Unlike to Winesburg, Ohio, the characters of Black Boy are more real. The style of Wright’s narration is analytic as well as metaphysical, because the discussion of dreams and ghosts are also present in the book. In his memoir, the narrator is not afraid to emphasize on the paradoxical nature of his character: he is critical and tolerant, seeking and skeptical, headstrong and timid, blindingly intelligent and modest. Wright finds that he is always punished for his nonconformity with different degrees of emotional isolation and physical violence. Wright paints himself in various shades throughout the Black Boy. Being a young boy, the narrator refuses to believe in such publicly accepted notions as that his lack of religion, intellectual curiosity and blackness make him flawed. Wright even has curiosity to demonstrate clearly negative aspects of his character, as he makes the readers see him violent, lie, and steal a number of times in the book.

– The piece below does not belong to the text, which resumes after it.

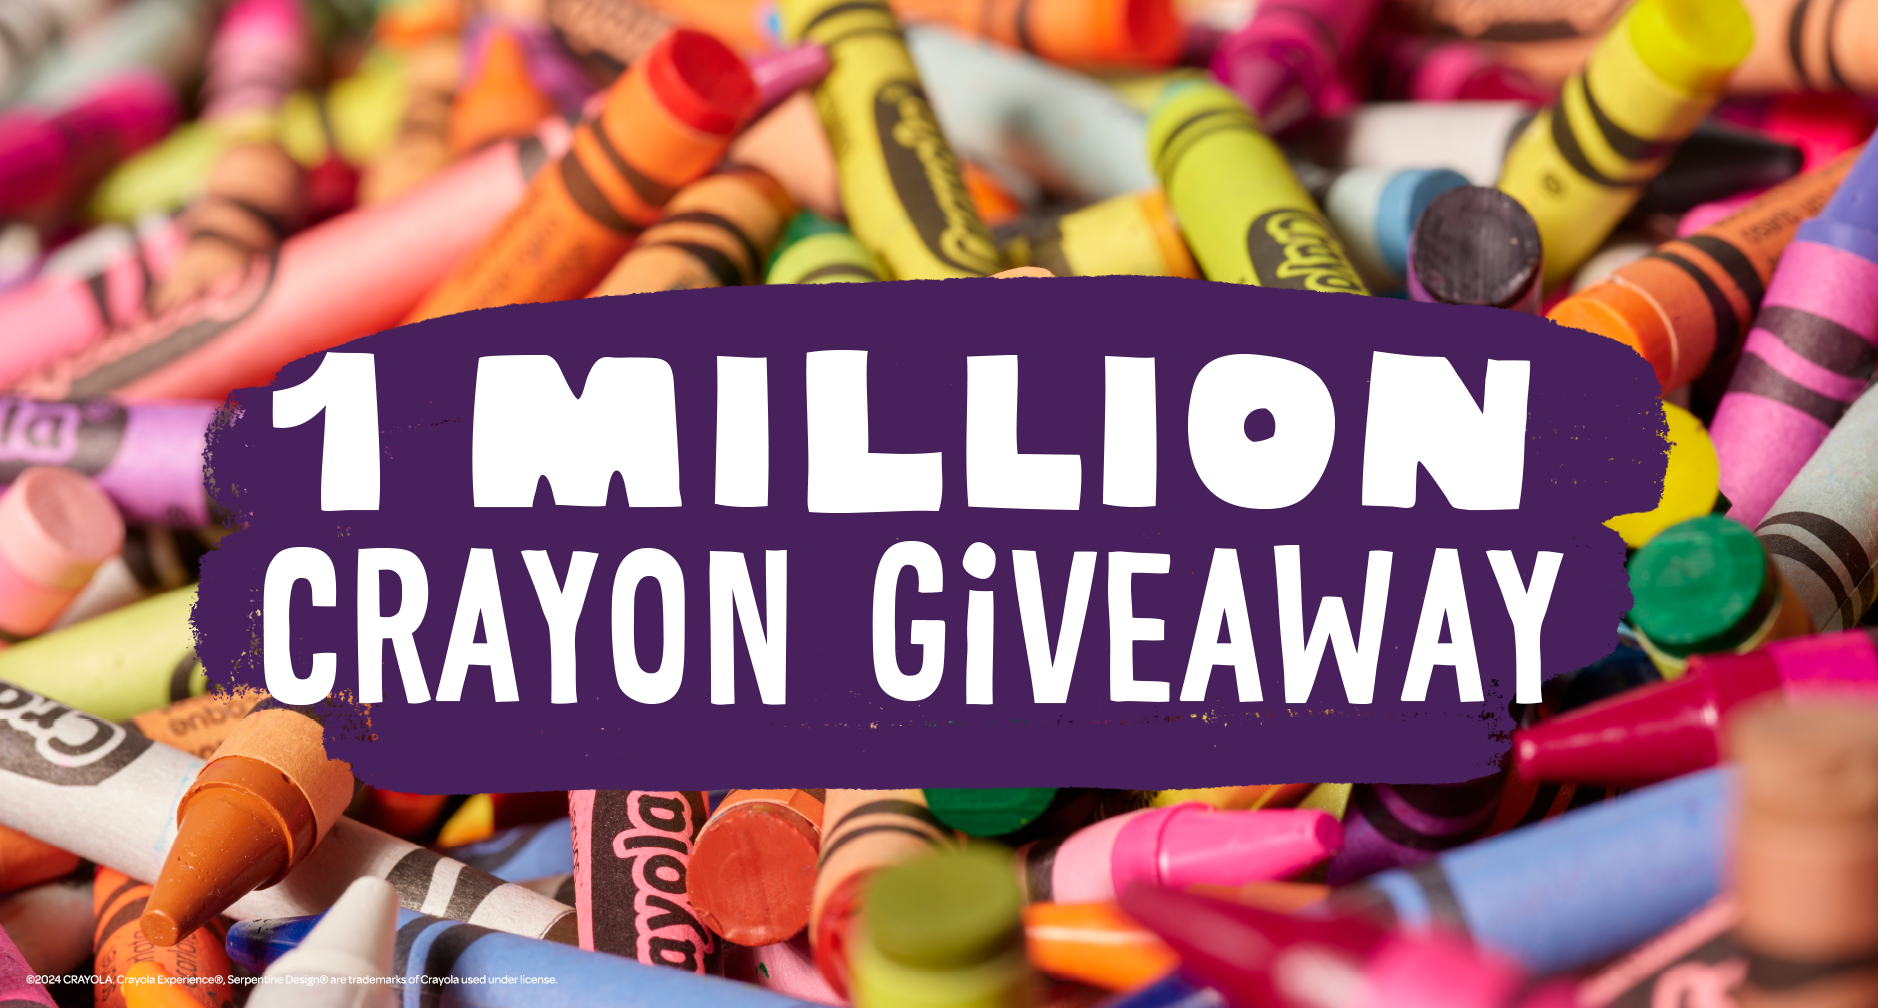 We’re Giving Away 1 Million Crayons!

The narrator makes the readers close their eyes to such “flaws” and think of him as a character who determined to live according to his own principles. Wright creates an interesting contradiction and strong contrast between his strong will and his powerless position in society that requires him to be low in social status as if he is black he “has” to be poor. Wright proves that in spite of all his flaws, he remains truly concerned with humanity in a universal sense. Thus, the author shows that it is possible to overcome the negative, isolating, and debilitating aspects of the environment and alter them into love for people around. In Black Boy, Wright transcends what seems to be a novel from a limited perspective of the black male who lives in American society at first glance.

During the novel, Wright discovers the power of his own and words in general as well as the power of his own writing. Describing his physical and artistic hunger, Wright makes his readers hungry for reading and writing. Wright ends Black Boy by resolving to use his talent to write as a way to start a revolution. The narrator is sure that everybody has a hunger for life, freedom and equality that need to be filled, and for Wright, writing is the right way to get to the human heart and to make a difference.

The thing that attracts the reader the most is that the narrators in both Black Boy by Richard Wright and Winesburg, Ohio by Sherwood Anderson are illustrated emotional children in spite of being adults physically. Both authors make the readers watch how they go through their adolescence and attain physical adulthood in order to share their experiences and help growing generations to understand themselves better and avoid some mistakes if possible. The use of first person in narration of Black Boy makes the novel to be more emotionally strong and controversial. It attracts readers’ interest and makes a huge impact on them. The use of the third person in Winesburg, Ohio makes the perception to be more emotionally distant, however, objective in contrast of subjectivity in Black Boy.

The Context of Narrative Effect

In spite of the fact that both Black Boy is written by Richard Wright and Winesburg, Ohio written by Sherwood Anderson are quite similar in the narrative effect they leave on readers, they differ in the perspectives they use. Winesburg, Ohio is written from the perspective of the third person while Black Boy is written from the perspective of the first person which increases the effect the narration makes on the readers. Wright’s narration is more analytical and subjective while Anderson tries to create an effect of an objective report, however, in a lyrical and even sentimental mood. Both Wright and Anderson want their readers to believe that their choice to remain children inside and to leave their hometowns was the right one.